Wednesday, May 4, 2011
The LOL Equation MK 2
OK, look, this obviously isn’t working out and I’ve other things to be doing. No really I do. I swear. I need a bath for a start. I think I’ll hand you over to my computerised blog post generator. I’ve fixed it up so there shouldn’t be a repeat of THE LAST MISHAP.
Right, I’m turning it on now. It’s humming. It’s coming to life. Fingers crossed. Here goes. Enjoy. . .
TITLE: RANDOM THOUGHTS...
MAIN BODY OF TEXT: Hello again Readers.
Needless to say, I like gardening so my favourite website is politics.ie because there are lots of vegetables on it. LOL!
Also needless to say is that films are rubbish these days so they should change the name of the cinema to the binema. That’s BINema, as in ‘rubbish bin(ema)’. LOL! Did you get it? Did you LOL? You should LOL! LOL Now! LOL! LOL! I command you, LOL!
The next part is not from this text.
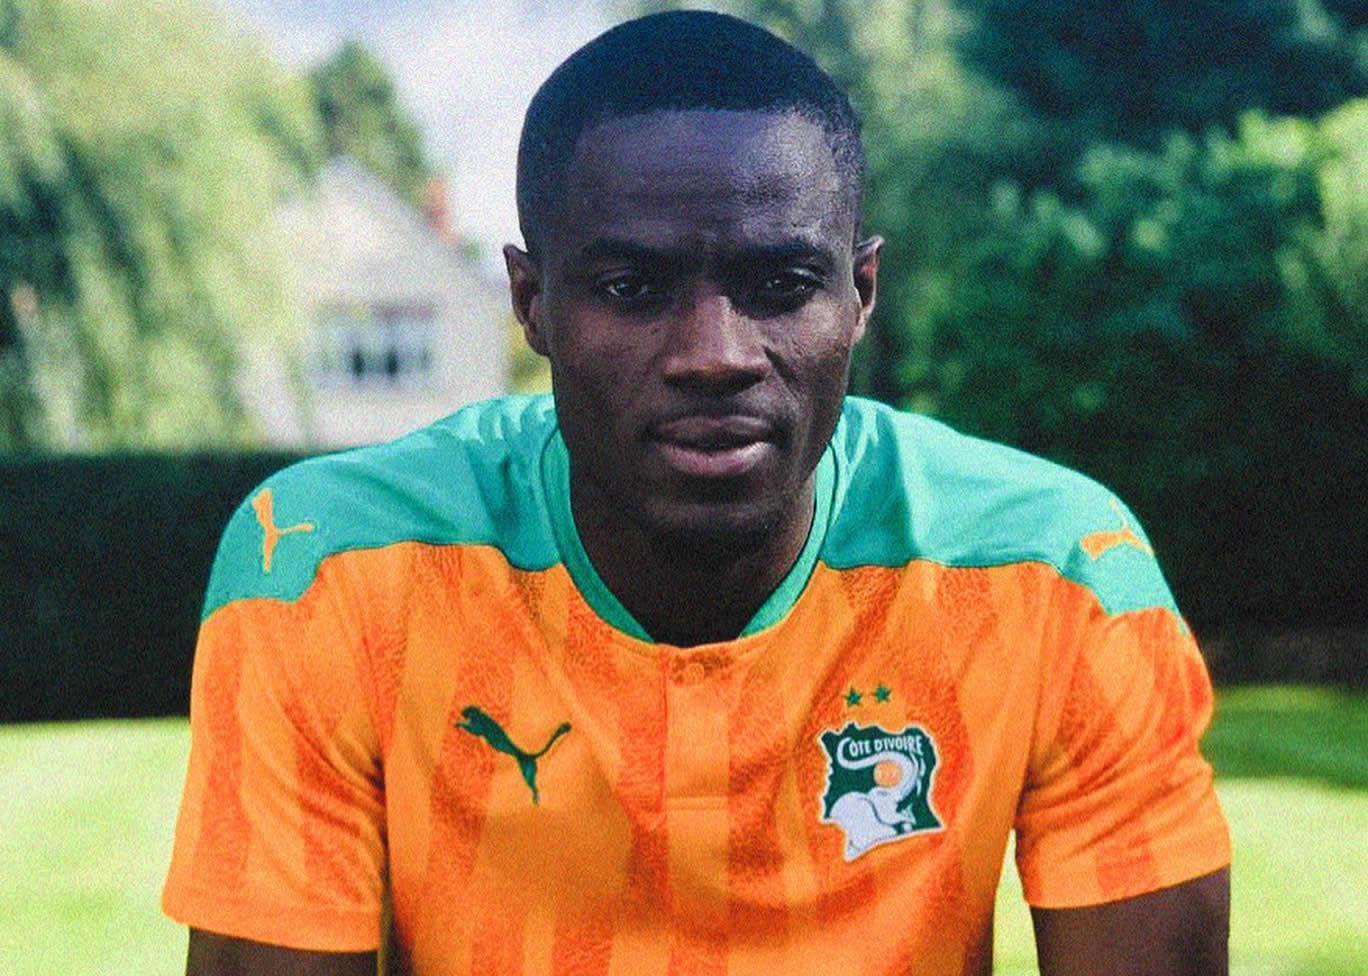 Camiseta titular de Costa de Marfil 2020/2021 | Imagen PUMA

I see the Arts Council have awarded Cathal O'Searcaigh some money for a new van (pictured above). ‘It’s not much but it suits my needs’, said the celebrated bursary hunter yesterday. Needless to say, the insinuation here is that O’Searcaigh is a predatory paedophile. That is LOL! LOL Now! LOL! You will LOL! All Hail LOL! YOU MUST AND WILL LOL! PRAISE LOL FOR I AM THE LORD OF LOL AND YOU WILL DO MY BIDDING! LOL! LOL! LMFAO! OMFG! NEEDLESSTOSAY! LOL! ROFL! PAED0101110100101001PHILE^PWNED+ I-AM-THE-LOL-THY-GOD{LMFAO ~ RATFLMFAO^BFF < LAWL ‰~ OMG¬ E=MC²101000101000100010101001110101001. . . BOOOOOOOOOOOOOOOOOOOOOOOOOOOOOOOM!
Ah, Jesus. What’s happened now? I go away for two minutes and you break it again. What did you do to it? You’re too demanding. Christ, do you know how long it took me to set up? Now, let’s see. Good Lord, what was it saying to you? This is worse than the last time. Look, just go away. Give me a bit and I’ll see what I can do. Really though, it’s not looking good is it? It looks like I’m stuck with providing these twice weekly brain farts myself. Sod it, maybe I should just give this machine to Twenty Major. He could probably make some use of it.